Bulan Mei selalu diwarnai
dengan perayaan-perayaan menarik, Hari buruh sedunia, hari pendidikan nasional,
Hari Lembaga Sosial Desa, Hari Wanadri dan lain-lain. Nah, pada kesempatan ini
kita tidak akan berbicara masalah nasib buruh atau yang lainnya, namun pada
kesempatan ini kita akan merefleksikan pendidikan ditengah kondisi negeri saat
ini. Tanggal 2 Mei merupakan titik awal kebangkitan pendidikan di Indonesia,
hal ini bertepatan dengan kelahiran sosok pejuang bangsa yaitu bapak Ki Hajar
Dewantara yang kita kenal sebagai pahlawan nasional yang memperjuangkan nasib
rakyat Indonesia untuk memperoleh pendidikan yang layak, sehingga pada tanggal
2 Mei diperingati oleh bangsa Indonesia sebagai Hari Pendidikan Nasional.
Perayaan HARDIKNAS setiap
tahunnya biasanya ditandai dengan perayaan berupa Upacara Bendera atau lomba-lomba
menarik lainnya, namun perayaan HARDIKNAS di tahun 2020 ini agak sedikit
berbeda dari tahun-tahun sebelumnya. Tahun ini Negara Indonesia dan seluruh Dunia
pada umumnya sedang dilanda musibah berupa pendemi COVID-19 yang mengharuskan
setiap orang hanya bisa beraktivitas di rumah saja, termasuk aktivitas
pendidikan. Pendemi ini menguji kemampuan bangsa Indonesia terutama yang
berkaitan dengan pendidikan, salah satu imbasnya di sektor pendidikan adalah semua
guru dipaksa untuk menjadi guru Millenial yang harus melek terhadap teknologi sehingga
guru diharapkan mampu menerapkan pendidikan jarak jauh (PJJ) atau kelas daring.
Keputusan pemerintah
untuk meliburkan sekolah dan mengganti ruang kelas ke dalam ruang virtual
mengakibatkan terjadinya Digitalisasi Pendidikan. Walaupun dalam pelaksanaanya aktivitas
pendidikan melalui daring ini masih mengalami kekacauan terutama bagi guru-guru
generasi Generasi X atau Babi Boomers (38-53 tahun >) dan guru-guru di
pelosok negeri yang minim akses teknologi dan internet. Namun Kondisi ini telah
memaksa semua pihak untuk belajar, menuntut semua pihak untuk melakukan hal-hal
baru yang sebelumnya hanya bisa menerapkan cara-cara konvensional.

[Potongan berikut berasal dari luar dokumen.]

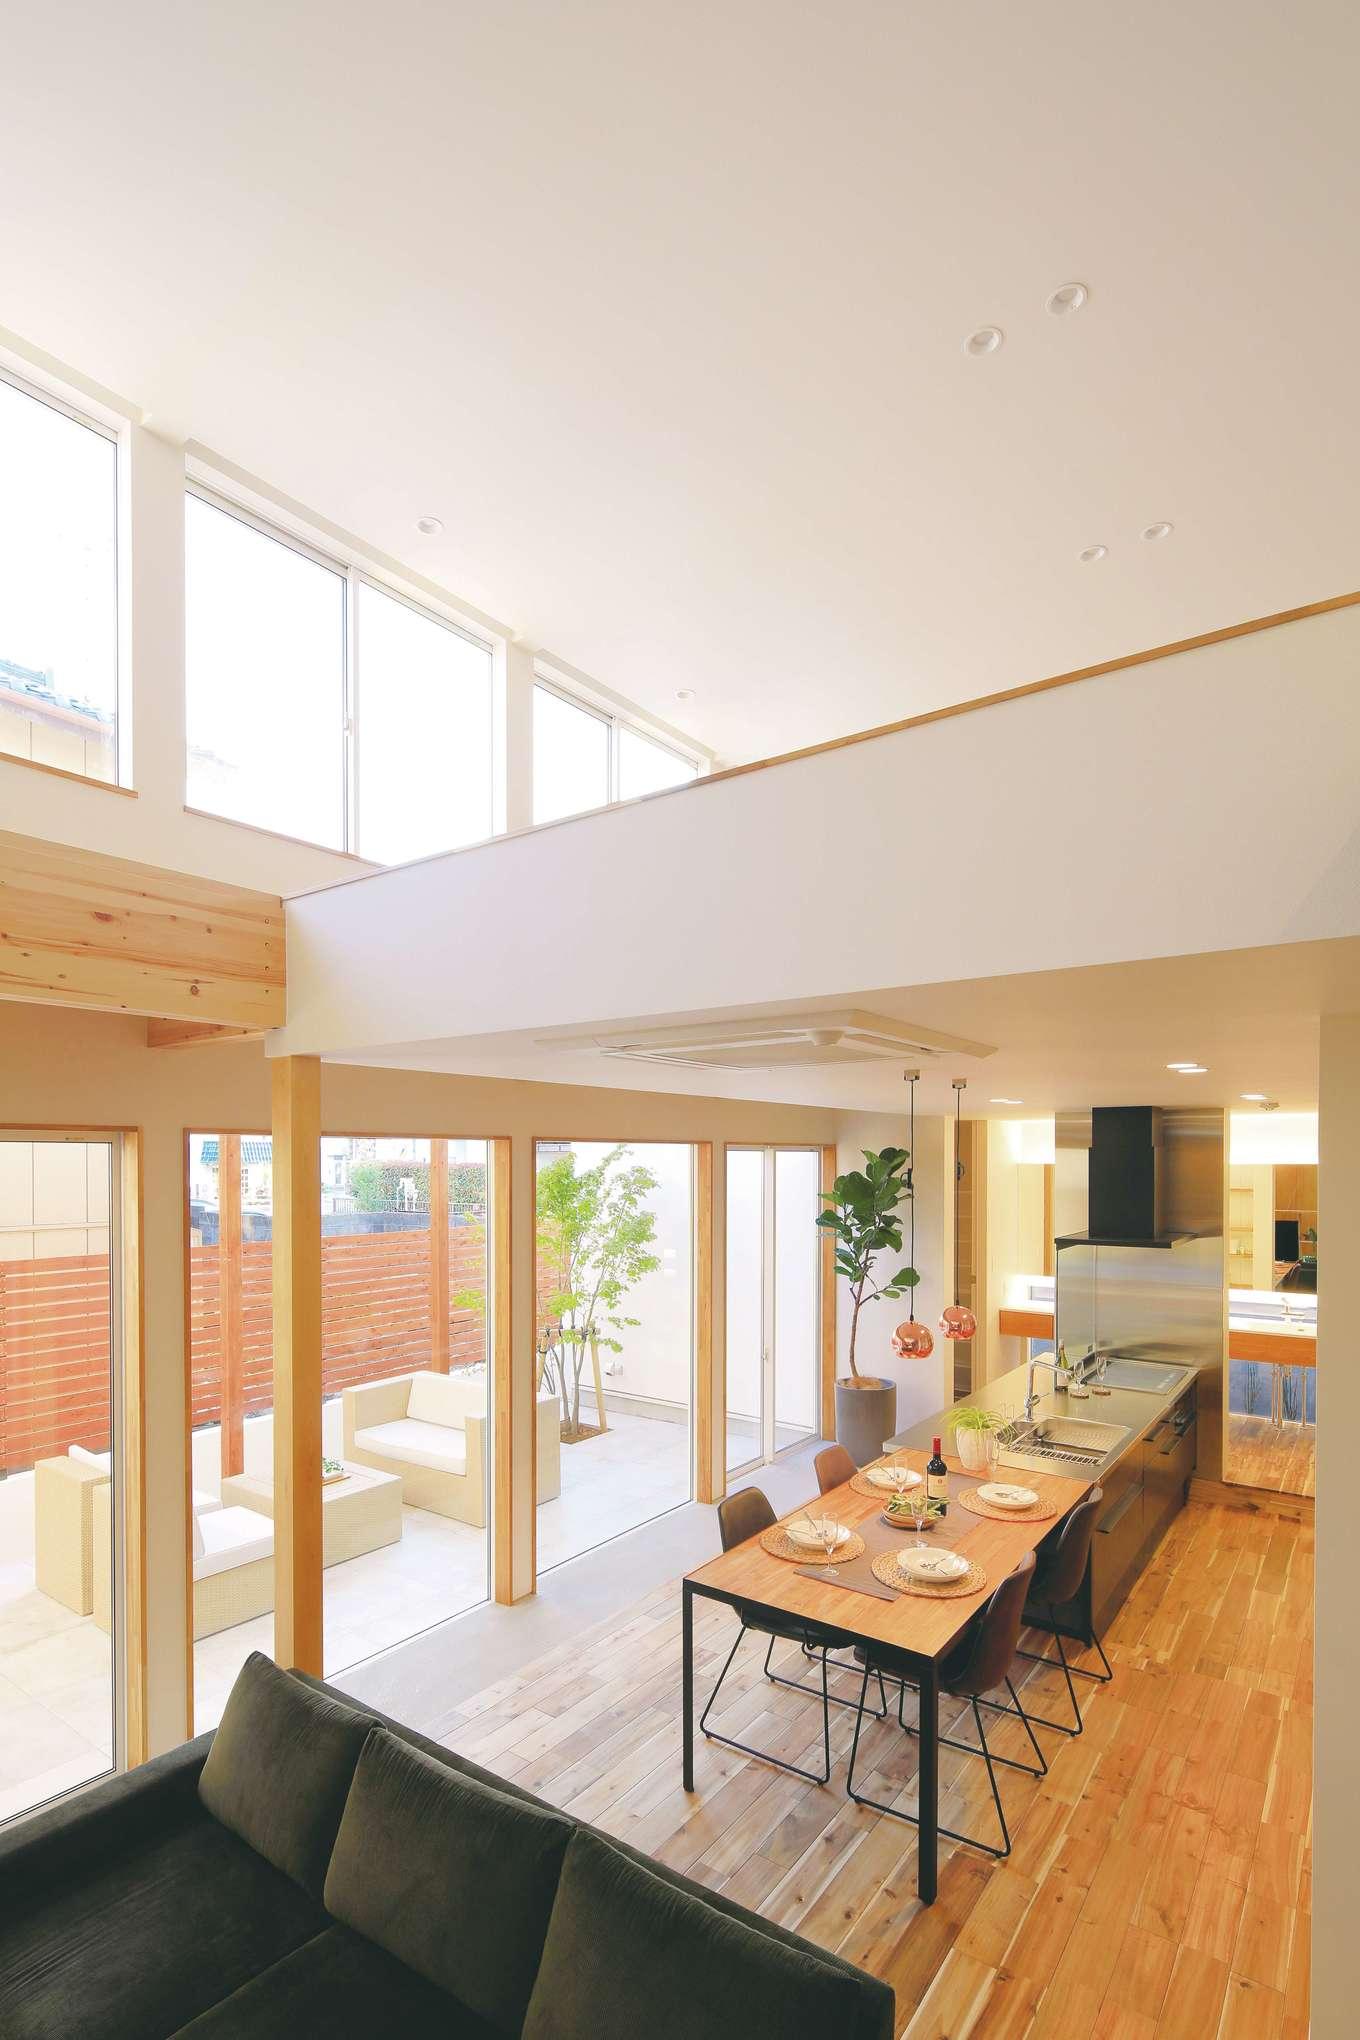 住家 ~JYU-KA~【デザイン住宅、間取り、建築家】天井まで届く壁一面のガラス張りは、想像以上の開放感

Covid-19 ini cukup menyita waktu dan perhatian kita, rumitnya penanganan wabah ini membuat pemerintah, organisasi pendidikan, Organisasi masyarakat (NGO), komunitas dan seluruh elemen masyarakat dipaksa untuk terlibat dan turun tangan untuk memastikan proses belajar mengajar dan aktivitas pendidikan lainnya tetap bisa dilaksanakan. Salah satunya adalah lembaga kemanusiaan Dompet Dhuafa yang telah mencetuskan berbagai macam program menarik baik di bidang pendidikan, kebencanaan, kesehatan, ekonomi dan lain-lain. Kolaborasi dan kolektivitas adalah kunci untuk menghadapi kondisi saat ini, terutama kolaborasi dalam bidang pendidikan sangat penting dilakukan untuk memastikan aktivitas pendidikan tetap bisa dilaksanakan dengan baik.
Harapan besar saya
sebagai bagian dari generasi negeri ini, Momentum hari Pendidikan Nasional di
tengah Covid-19 ini adalah sebuah refleksi dan evaluasi bagi tubuh pendidikan
di Indonesia. Pendidikan harus menjadi perhatian bersama, bukan hanya tanggung
jawab guru dan sekolah namun semua pihak harus ikut ambil bagian dalam
menciptakan tatanan pendidikan yang baik dan bermutu untuk masa depan bangsa
yang lebih baik. Menjadi catatan penting adalah kondisi negeri akibat pendemi
COVID-19 ini menjadi dinamika dan transformasi digital di dunia pendidikan yang
akan mengubah mindset dan cara belajar kita di masa yang akan dating. So, keep learn, keep grow, stay helaty.